Task item
Instruction for the entries that follow: retype exactly the lines from the line with "hõmérséklet 40-70 C" to the line with "Fort overlooking Macau", both included, and omit all others.

Data to examine
——
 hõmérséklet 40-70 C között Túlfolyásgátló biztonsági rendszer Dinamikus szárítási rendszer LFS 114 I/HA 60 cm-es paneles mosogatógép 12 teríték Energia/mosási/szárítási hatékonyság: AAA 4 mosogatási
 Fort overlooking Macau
——
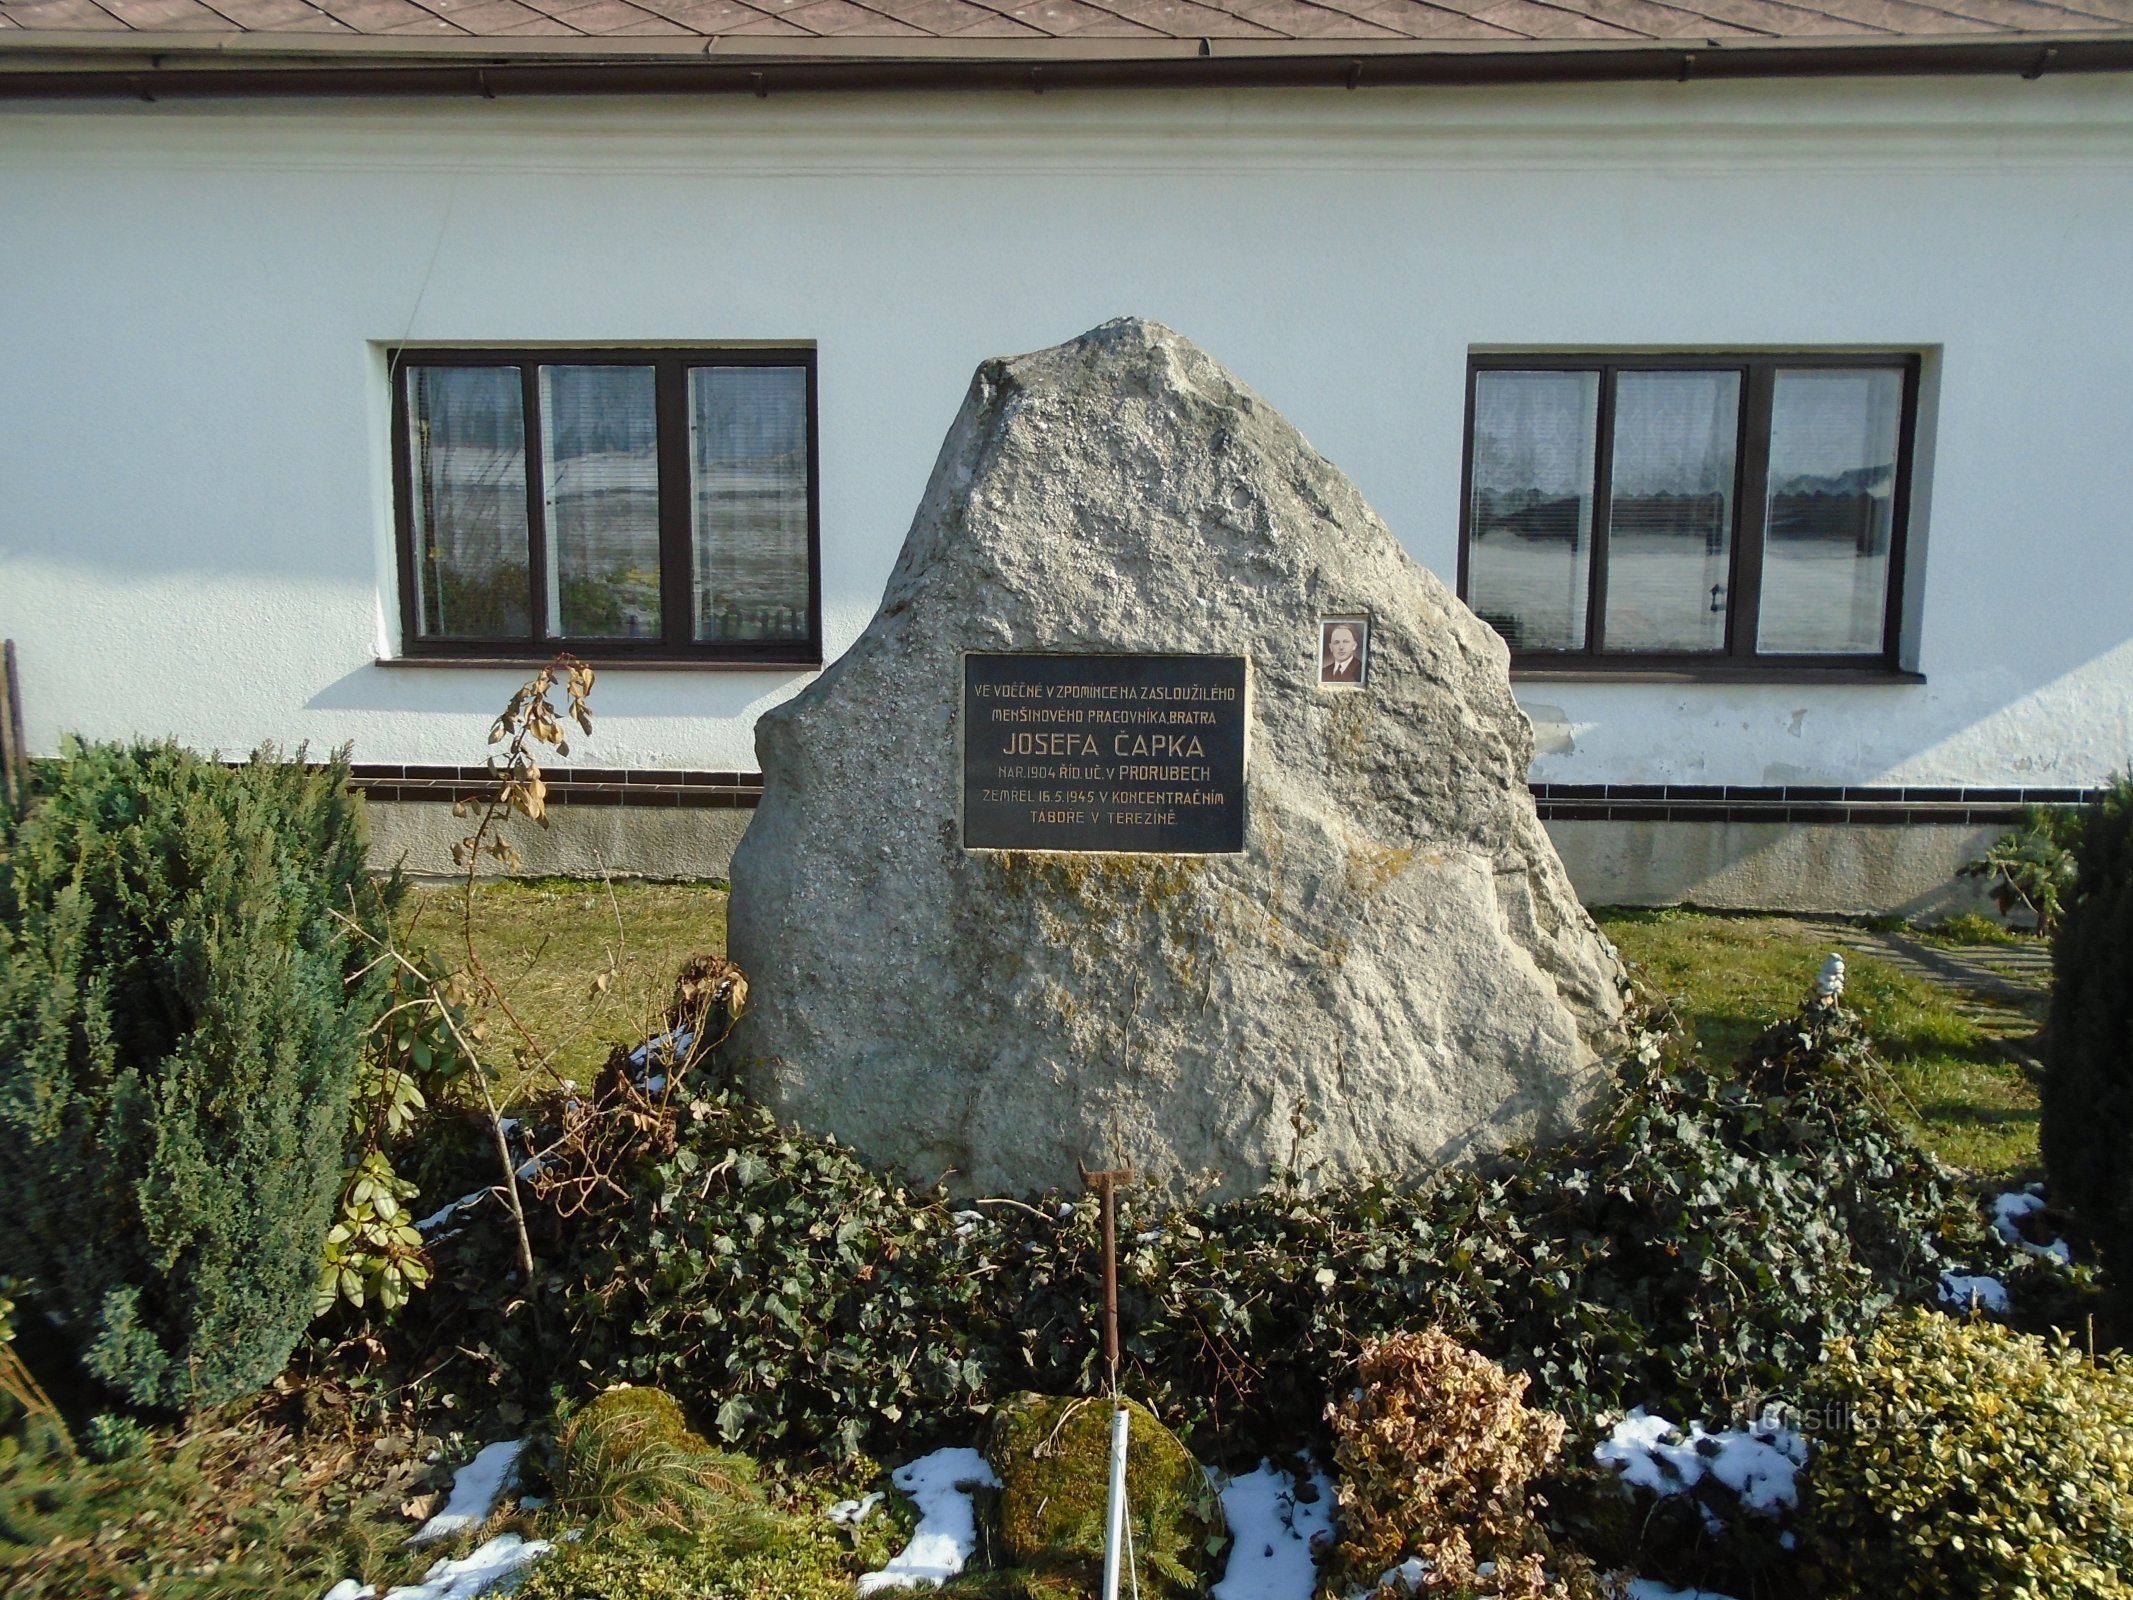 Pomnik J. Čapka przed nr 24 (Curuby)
——
Final answer
 hõmérséklet 40-70 C között Túlfolyásgátló biztonsági rendszer Dinamikus szárítási rendszer LFS 114 I/HA 60 cm-es paneles mosogatógép 12 teríték Energia/mosási/szárítási hatékonyság: AAA 4 mosogatási
 Fort overlooking Macau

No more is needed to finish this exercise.